How to make a group for each word in a sentence?

This may be a stupid question, but ...

Let's say you have a sentence like:

Fast brown fox

Or you can get a suggestion like:

A quick brown fox jumped over a lazy dog

A simple regular expression (\ w *) finds the first word "The" and puts it in a group.

For the first sentence, you can write (\ w *) \ s * (\ w *) \ s * (\ w *) \ s * (\ w *) \ s * to each group word, but it is assumed that you know number of words in a sentence.

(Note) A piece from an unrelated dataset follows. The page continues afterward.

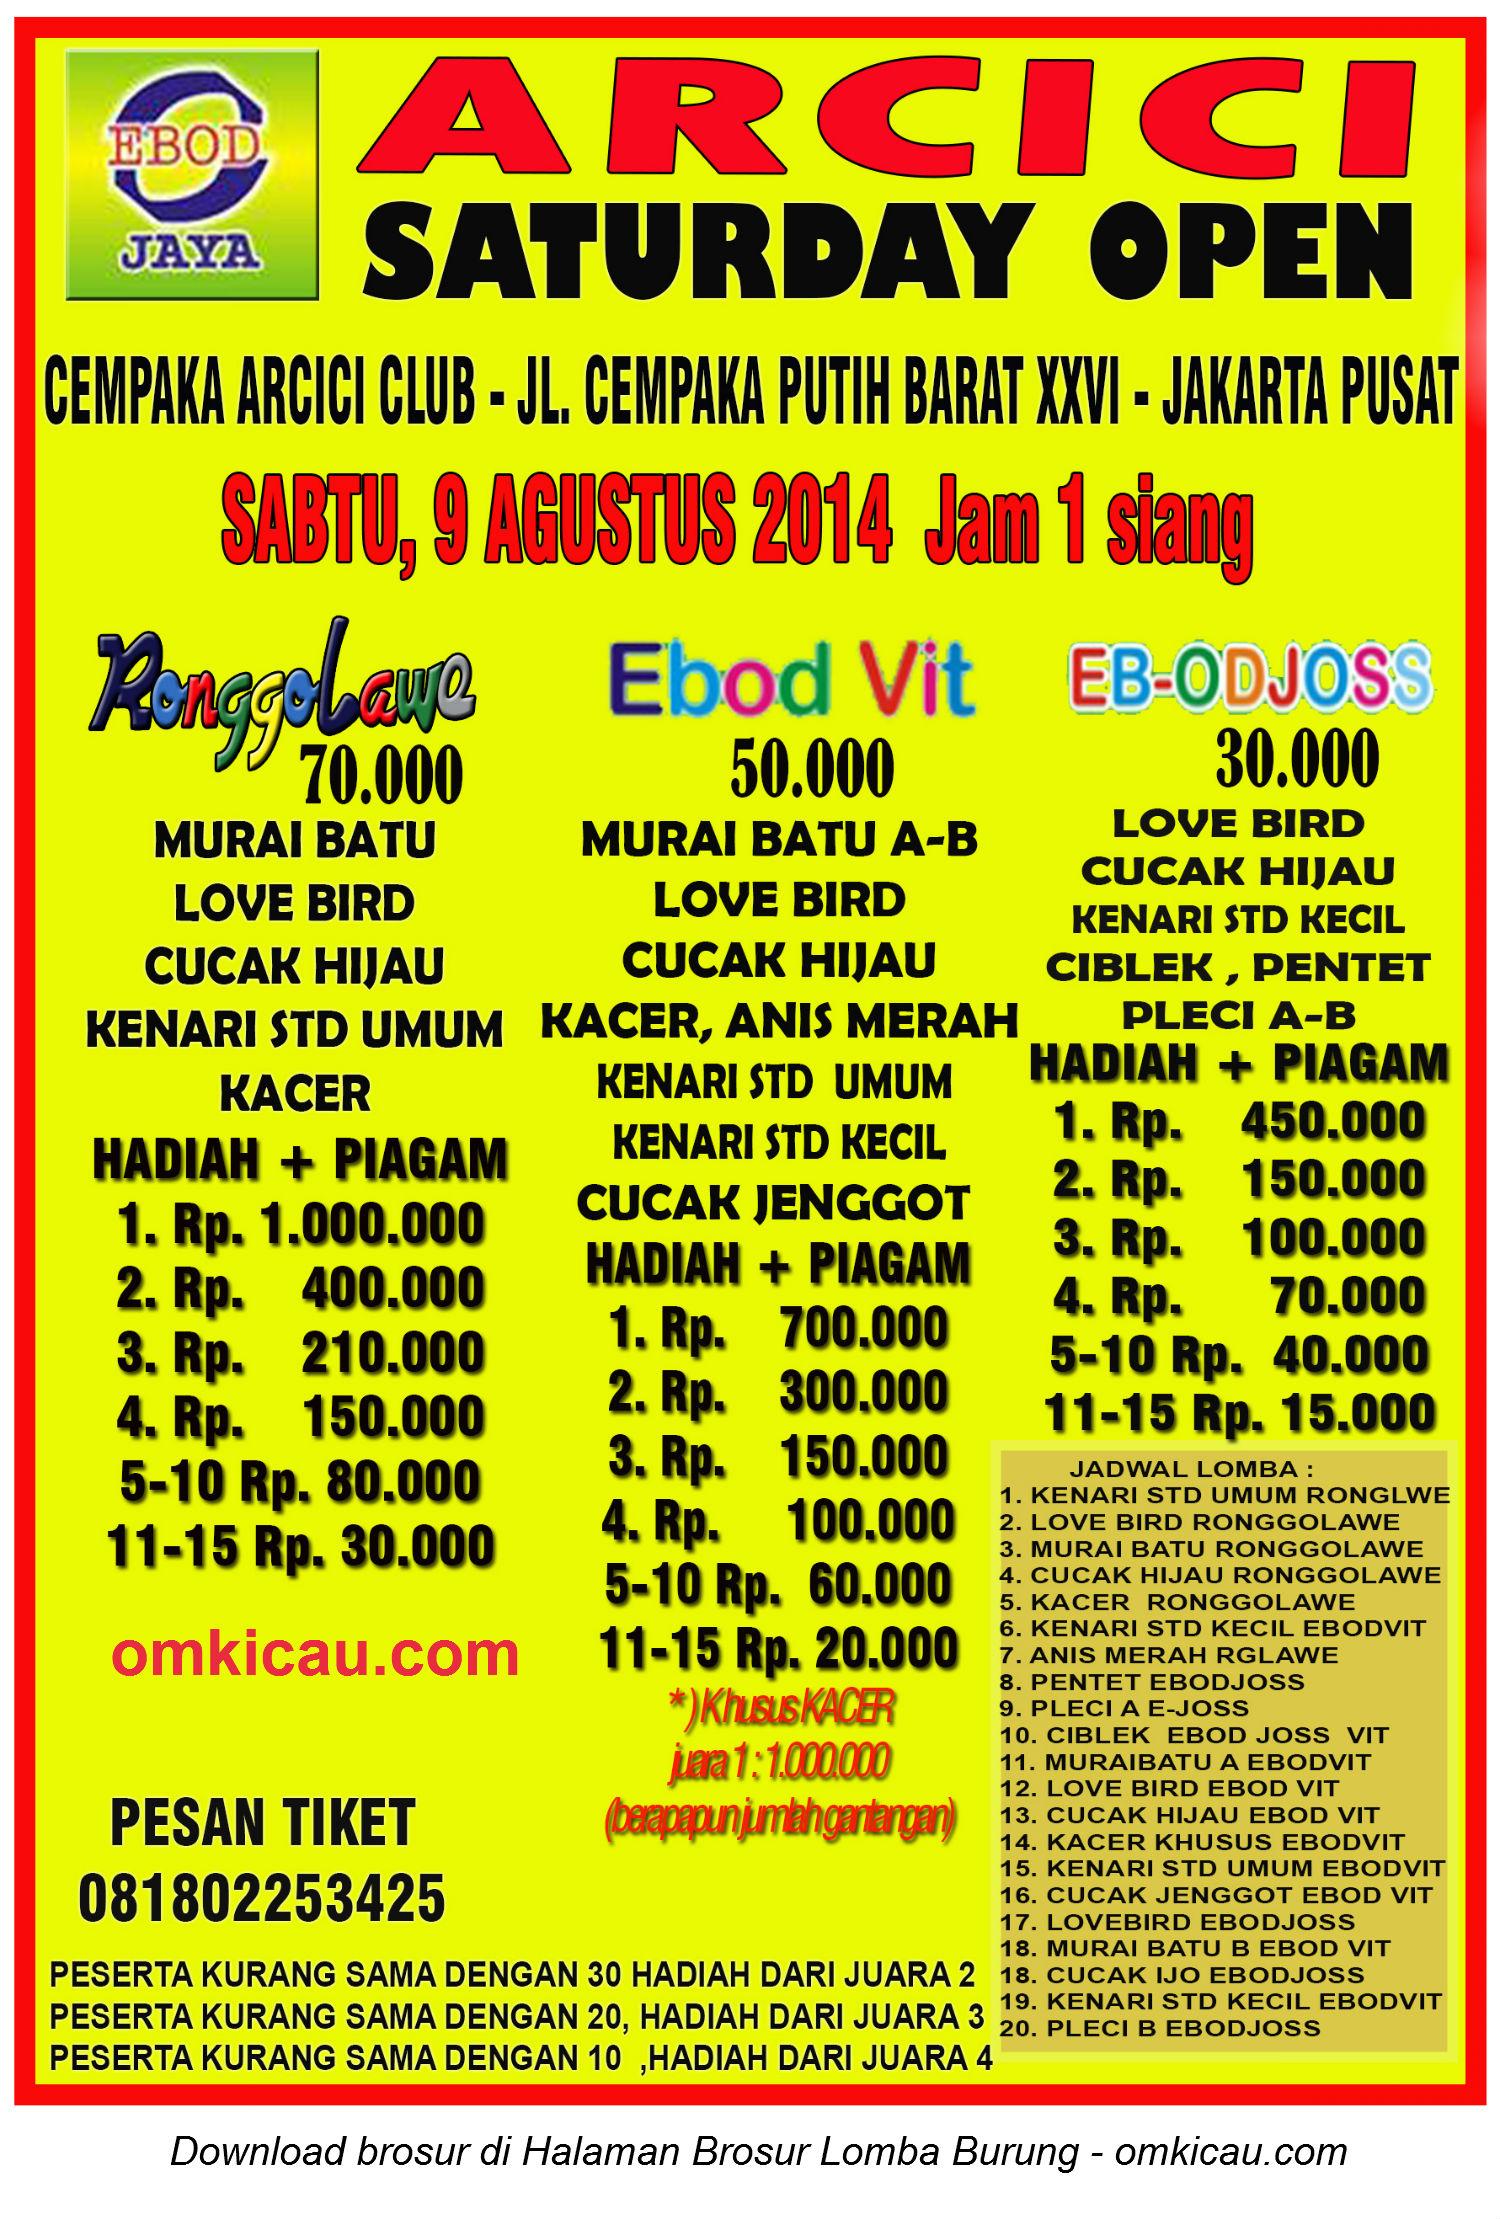 Brosur Latpres Arcici Saturday Open, Jakarta Pusat, 9 Agustus 2014

Is it possible to write a regular expression that puts each word in any arbitrary sentence in its own group? It would be nice if you could do something like (?: (\ W *) \ s *) * so that it groups each instance (\ w *), but that doesn't work.

I do this in Python, and my use case is obviously a little more complicated than the Fast Brown Fox, so it would be nice if Regex could do it on one line, but if that is not possible, I guess The next best solution is to iterate over all matches using re.findall () or something similar.

Thank you for your understanding.

Edit: For completeness, my actual use case is used here and how I solved this with your help. Thanks again.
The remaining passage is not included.